Thursday, January 8, 2009

If it makes you gag - it's not a real snack

Choking down a lean cuisine is the last thing I want to be doing right now.

Today has been a weird day. It started when I arrived at the dermatologist to find out the nurse who usually helps with my tattoo removal procedure was off today (office staff apparently ignored the note on my chart that says, “If no Karen, call to reschedule.") Karen is the only reason I have been able to survive these 9+ god awful singe sessions. The doctor is a total jerk mamma and if he had his way, I’d have no anesthetic or epidermis to speak of. This is where Karen [insert halo and choir] comes in. Being the self proclaimed wuss that I am, I have her shoot me up with a double dose of the numbing juice. One time a first year resident was observing my procedure and the conversation went like this.

Resident: You’re brave.
Me: Huh?
Resident: The last guy that was in here screamed like a baby. I could hear him all the way down the hall.
Me: I’m numb. He could blast my foot with a blow torch and it wouldn’t faze me.
Resident: Oh, that’s nice.
Me: It’s included in the (reDONKculously, not covered by insurance) price.
Resident: Then I wonder why that guy didn’t request local anesthetic?
Karen: Because. He’s A GUY.

Once Doctor Antisocial comes in, he barely acknowledges my existence and spends ONE (I shit you not, one) minute blasting away at Tweety and exits the room. Karen slathers on the Aquaphor (Ahh, so my favorite product, it’s like Tussin’ for your skin parts) and a second-skin gel patch that is cool on my wound and then bandages it up all nice so I can go to work without an oozy, bleedy mess.

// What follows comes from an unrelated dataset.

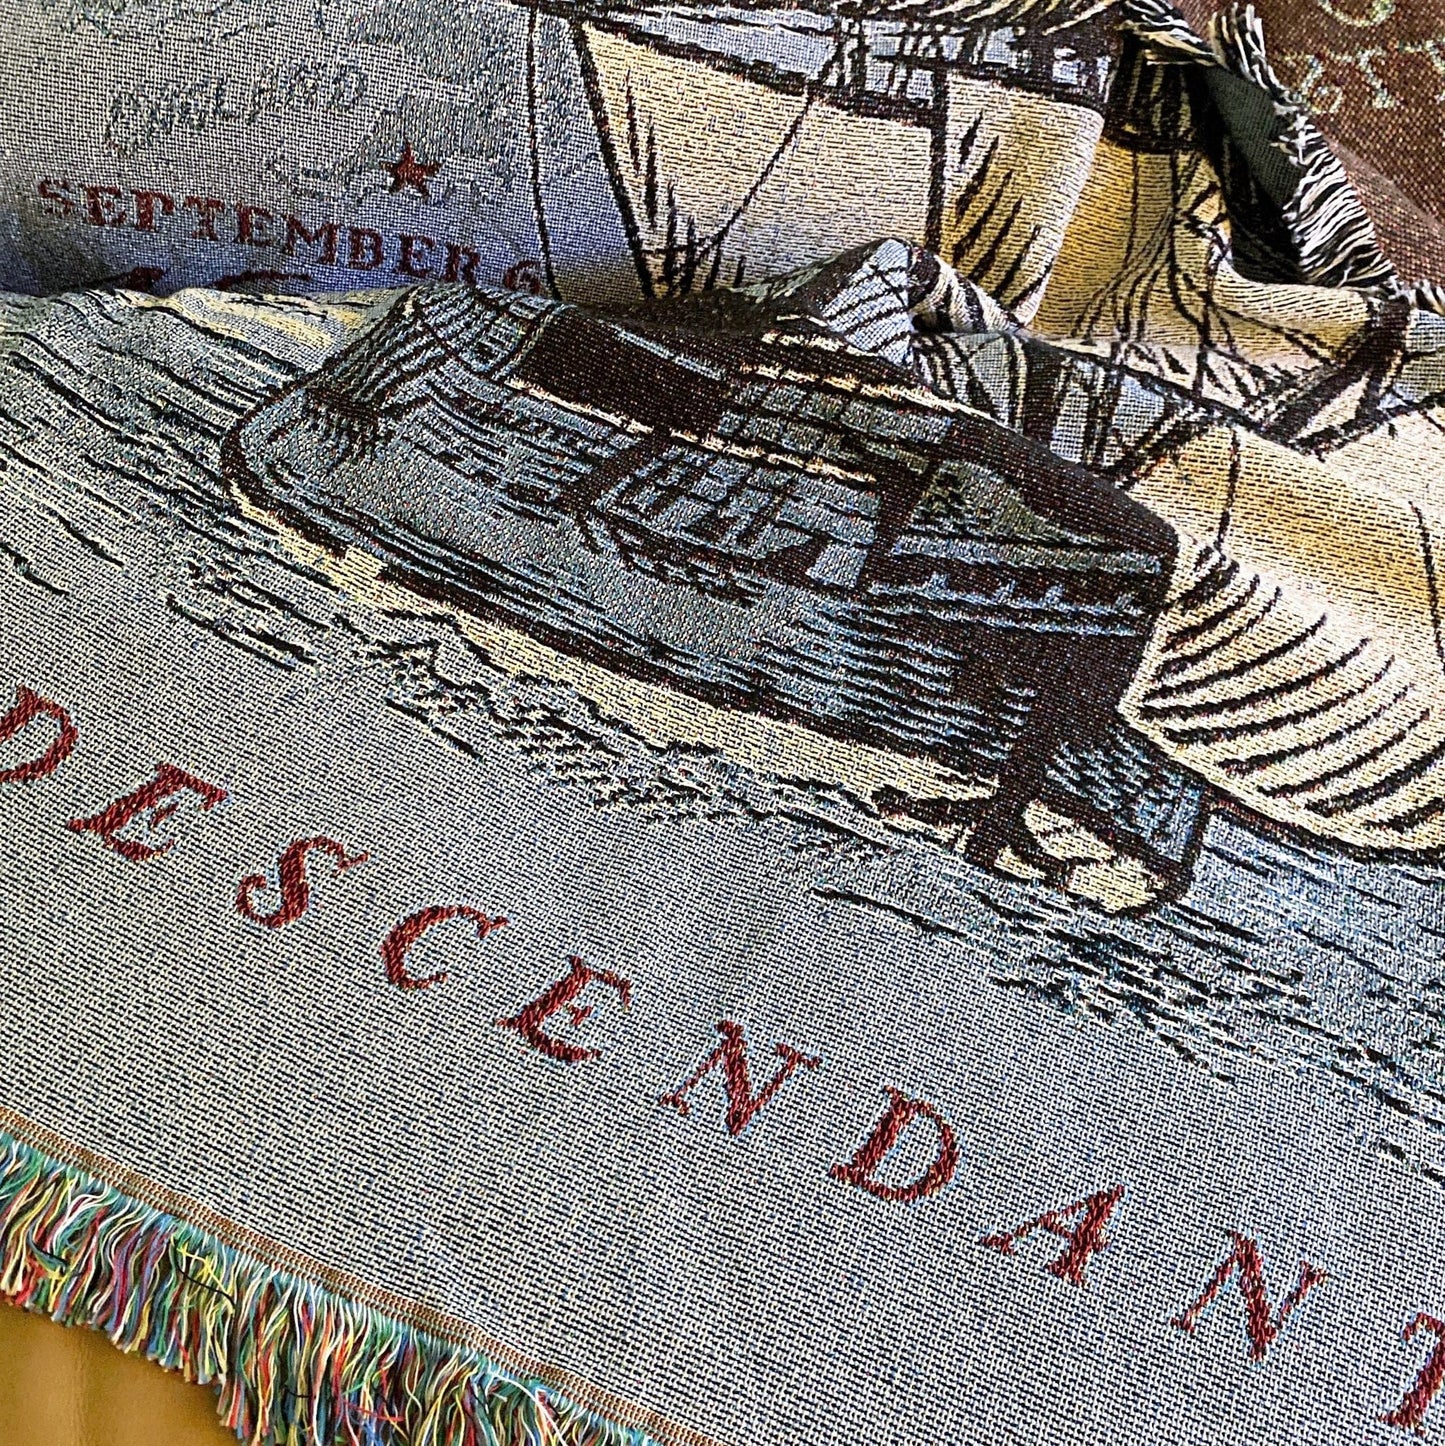 Close-up "Voyage of the Mayflower" Blanket woven from the History List Store - Made in the USA

Not!Today! After Captain Dermadick was done blasting the hell out of it with the blow torch laser, he wiped it with a tissue and slapped a Band-Aid on it. A TISSUE?! OUCH! SIR, ihateyou.ihateyou.ihateyou.ihateyou. I'm telling Karen.

Now you see how bad I want this tattoo gone. I’ll post pictures when scab won’t make your stomach turn.

Furthermore,

I didn’t mention that I’m on the South Beach Diet. Phase 1. I didn’t mention it because I don’t believe in losing weight as a New Year’s resolution. I think it’s stupid to only get your eat-right-fitness on in January. But the 15 lbs I gained back after the wedding are starting to annoy me (14 of them are a real pain in my ass). So my daily intake looks like this:

Breakfast: two pieces of turkey bacon, a fried egg and a mug of lemon tea
Snack 1: Cheese stick and 30 pistachio nuts
Lunch: The only carb-free lean cuisine I could find: Chicken Florentine
Snack 2: 8 celery sticks and one wedge of laughing cow light cheese (of course the cows are laughing, this snack is douche!)
Snack 3: (before the gym): Cottage cheese cup and 7 cherry tomatoes
Dinner: MEATBALLS! Broccoli and cauliflower.
Dessert: Sugar Free Jell-O (seriously, why bother.)
Water. Water. and Water.

The End.

P.S. Phase 1 makes me dream of stacking up 15 iced jelly donuts, licking the tiny red buttholes first, and stuffing the suggary goodness down my gabber until every last crumb is gone.

But, I refrain. Mostly, because that's how I gained the 15 lbs in the first place.
(In Phase 2 I get to eat yogurt so the cravings are pretty much gone. SIKE!)